● WORK INSTRUCTIONS:
The whole listing below needs to be duplicated exactly, pictures aside.

● INFORMATION PROVIDED:
--------------------------------
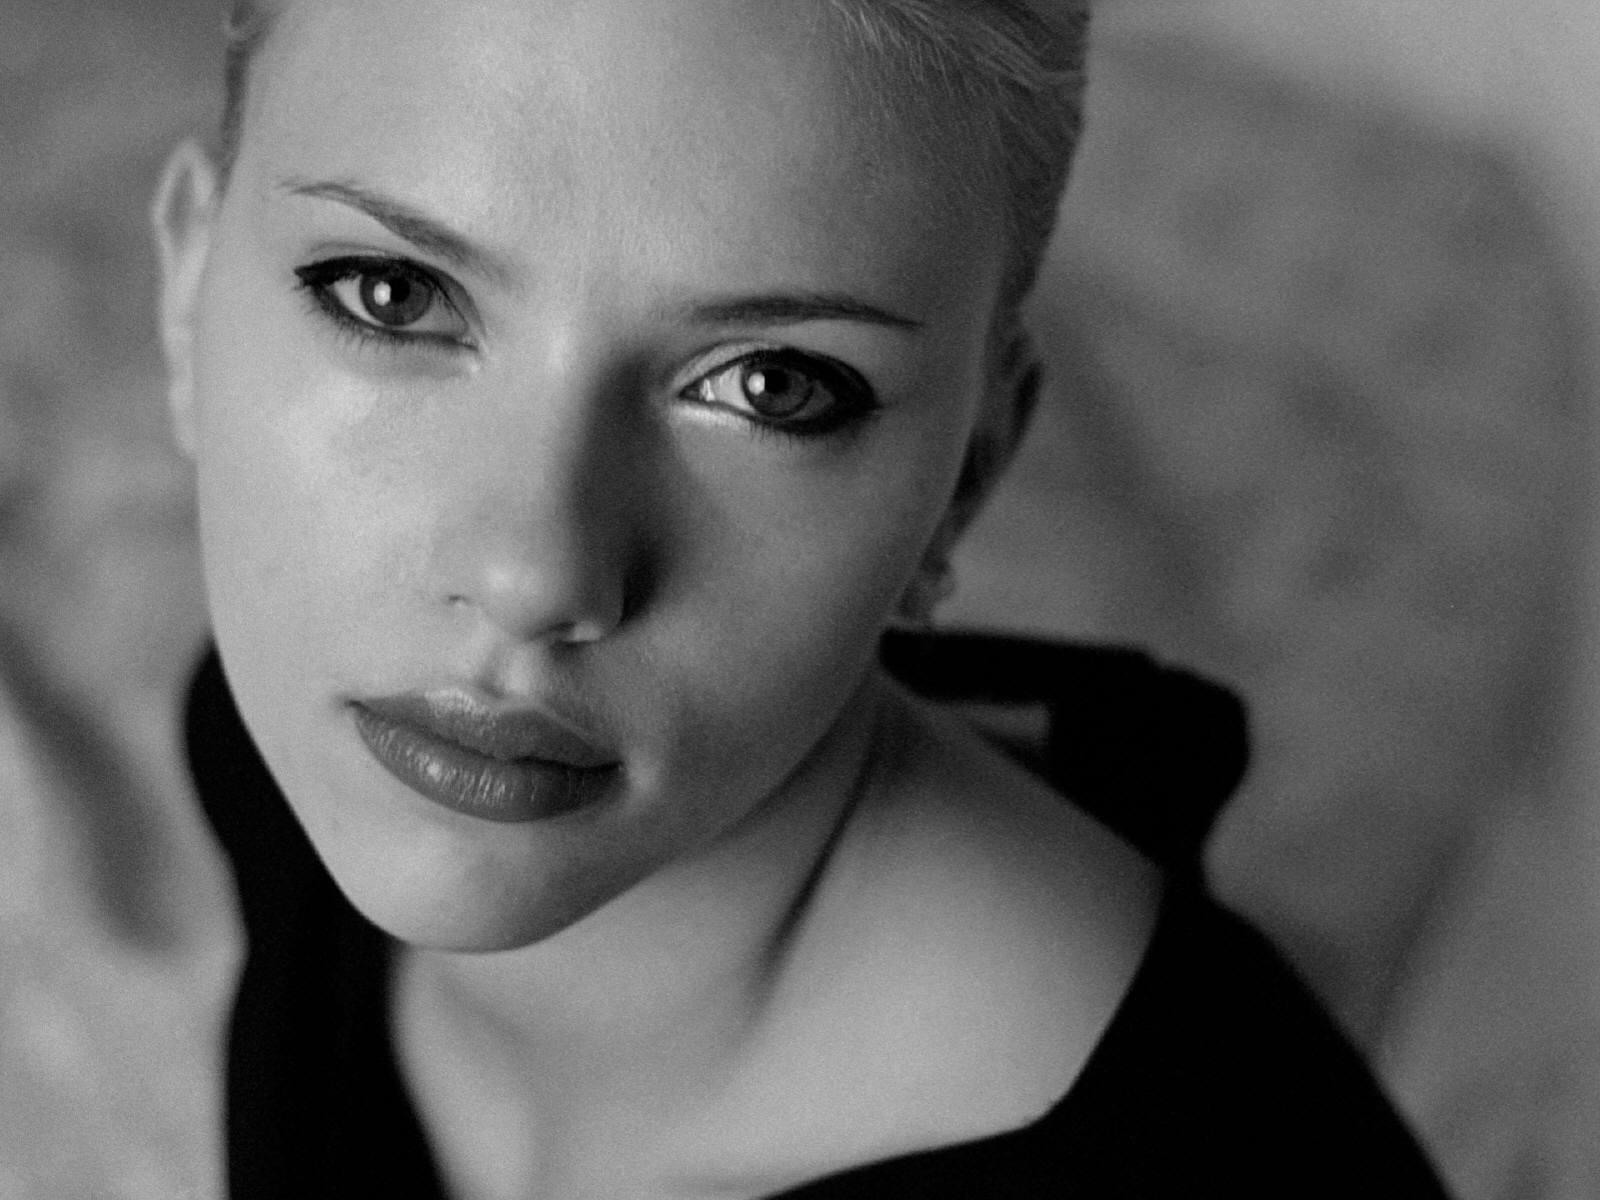 Wallpaper di Scarlett Johansson in bianco e nero
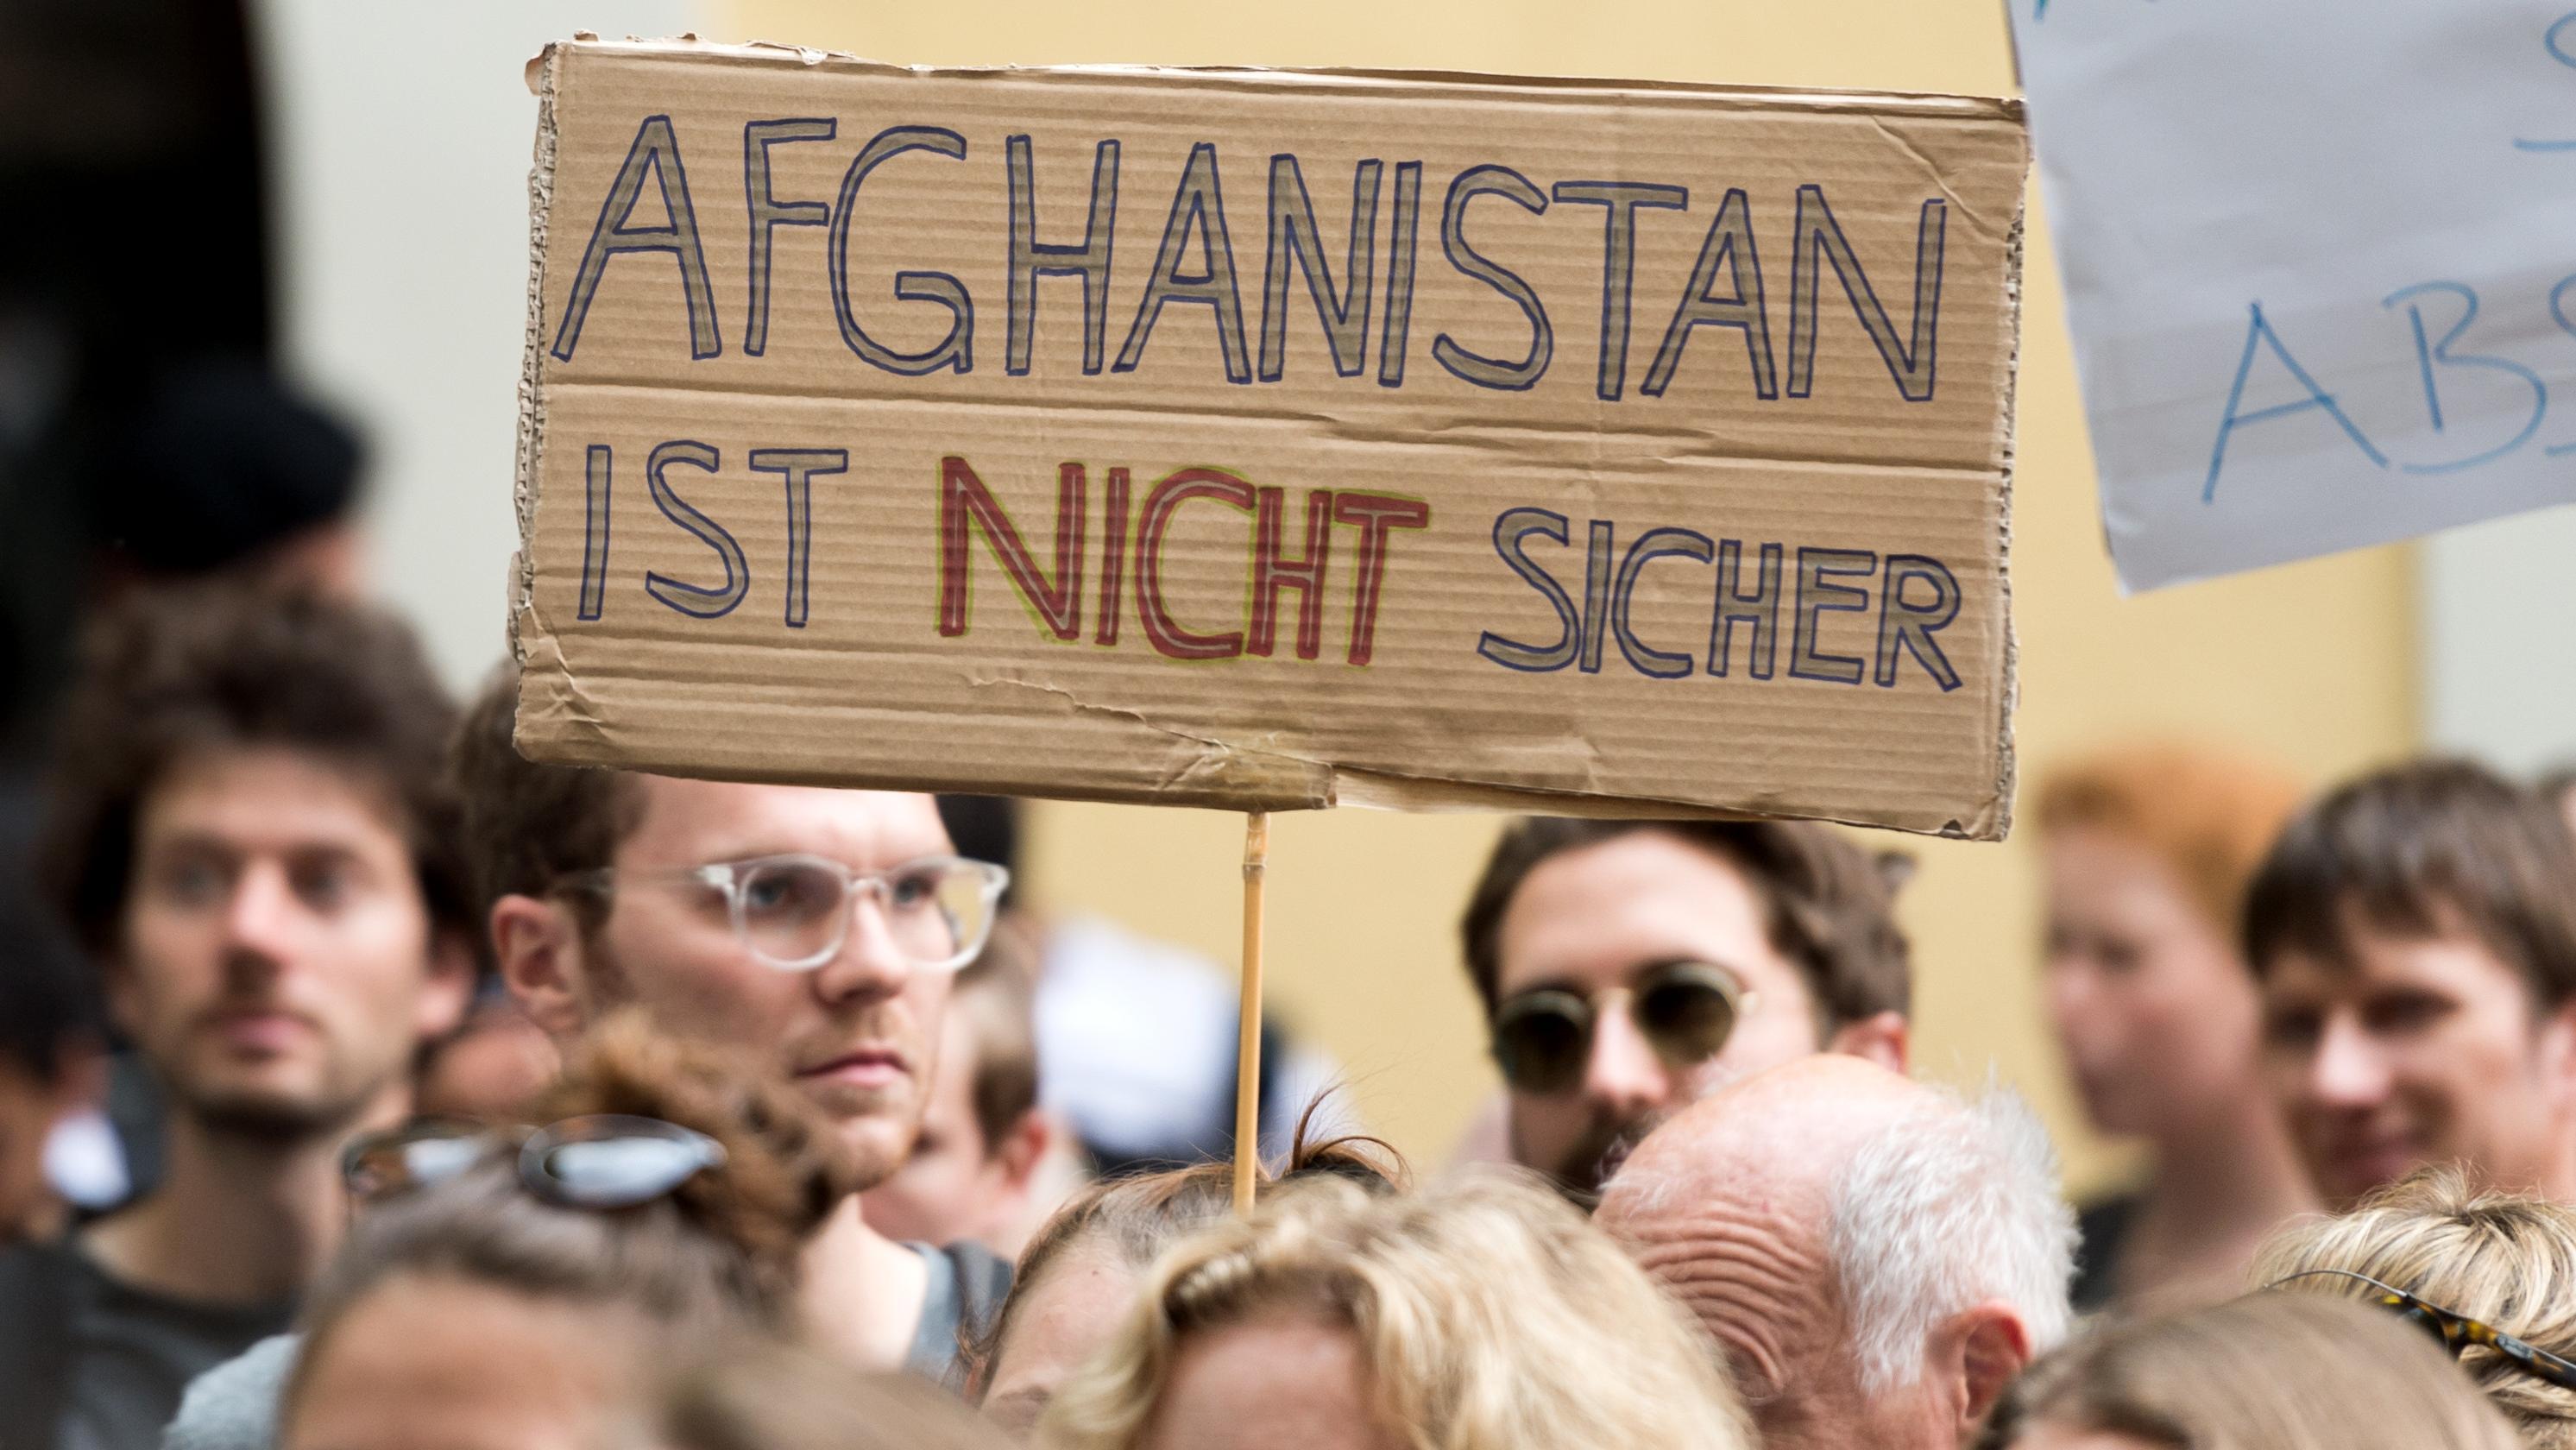 Archiv: Demonstration gegen Abschiebungen nach Afghanistan
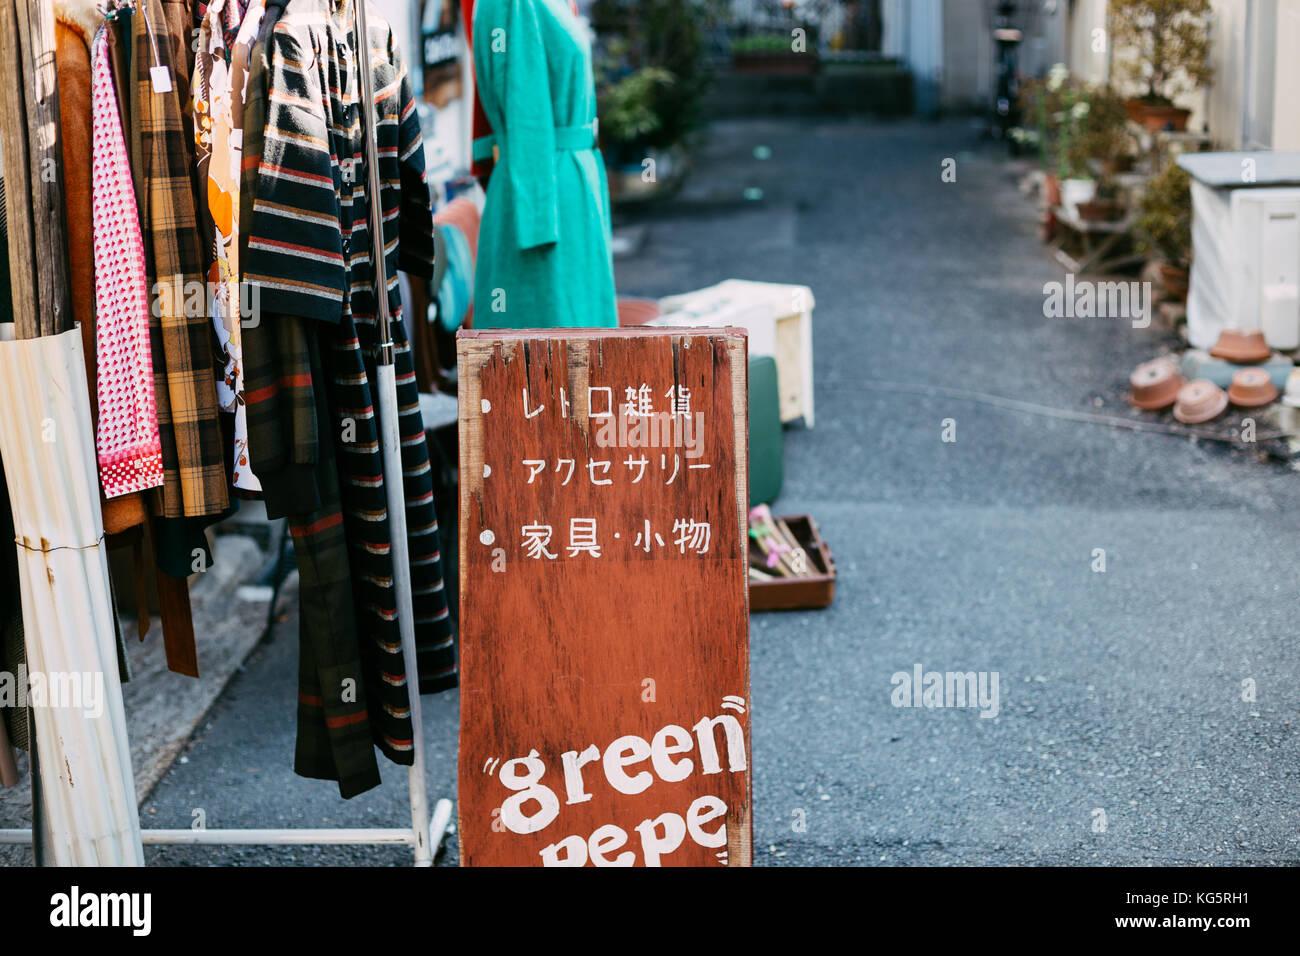 Shop Store Shopping Osaka Stock Photos & Shop Store Shopping Osaka ...
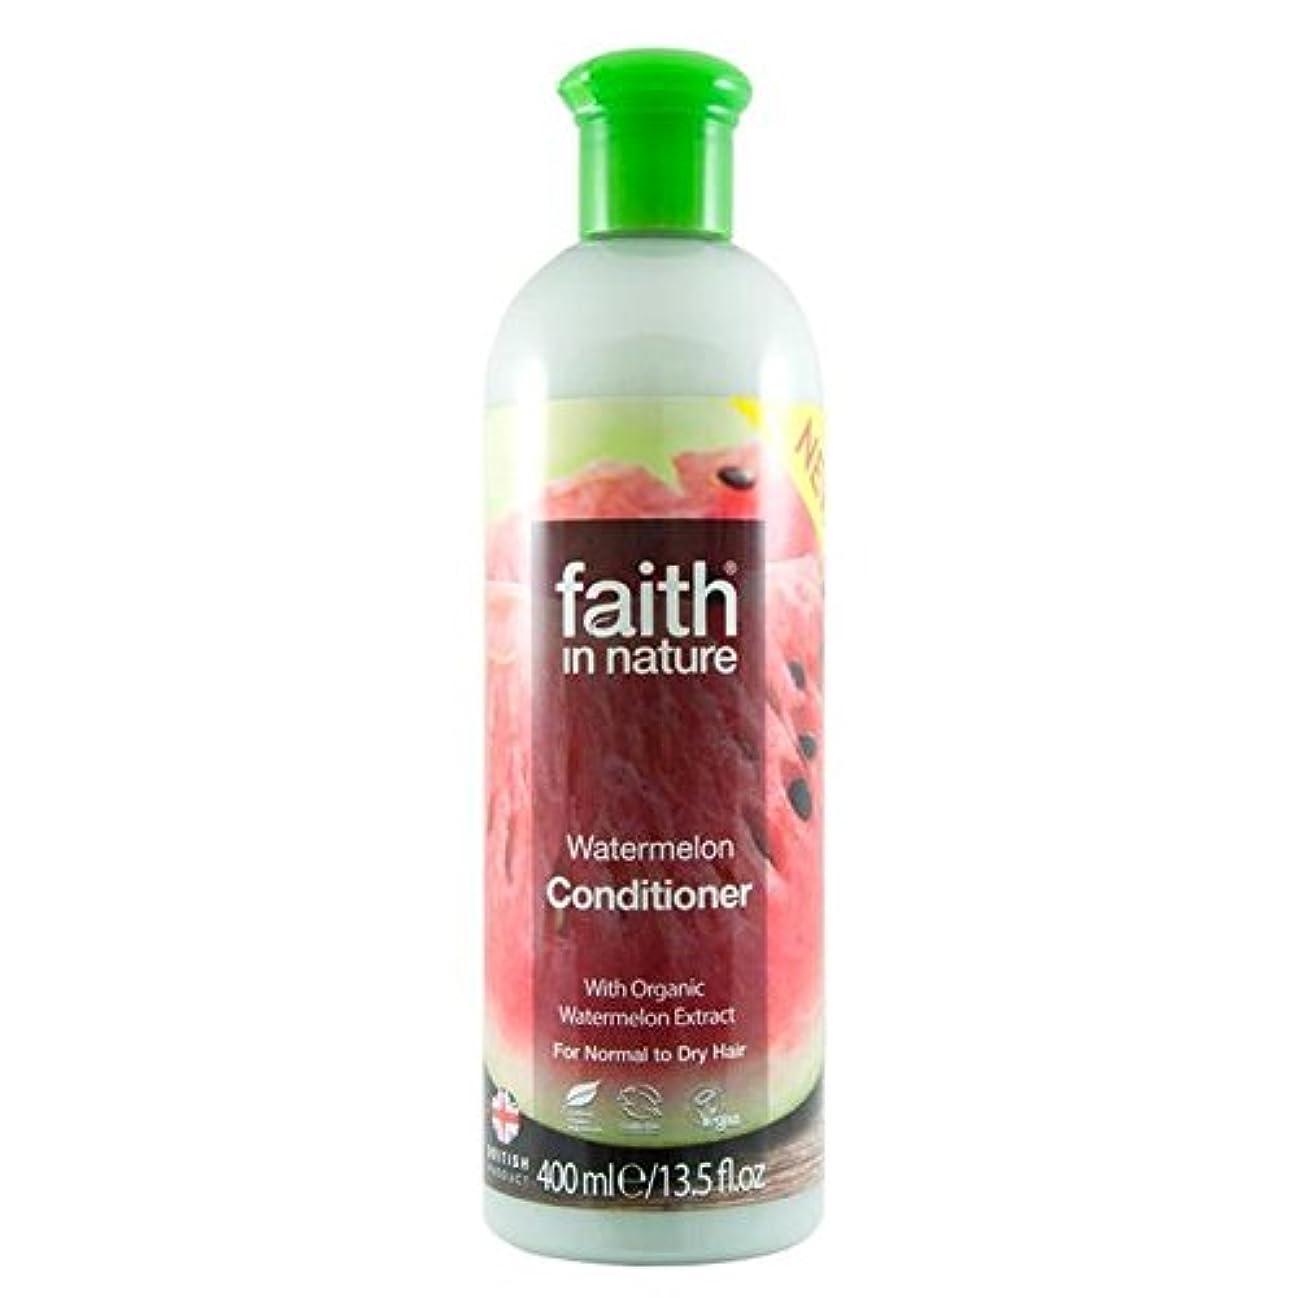 活気づく手術前文Faith in Nature Watermelon Conditioner 400ml (Pack of 2) - (Faith In Nature) 自然スイカコンディショナー400ミリリットルの信仰 (x2) [並行輸入品]
--------------------------------
● TASK RESPONSE:
 Wallpaper di Scarlett Johansson in bianco e nero
 Archiv: Demonstration gegen Abschiebungen nach Afghanistan
 Shop Store Shopping Osaka Stock Photos & Shop Store Shopping Osaka ...
 活気づく手術前文Faith in Nature Watermelon Conditioner 400ml (Pack of 2) - (Faith In Nature) 自然スイカコンディショナー400ミリリットルの信仰 (x2) [並行輸入品]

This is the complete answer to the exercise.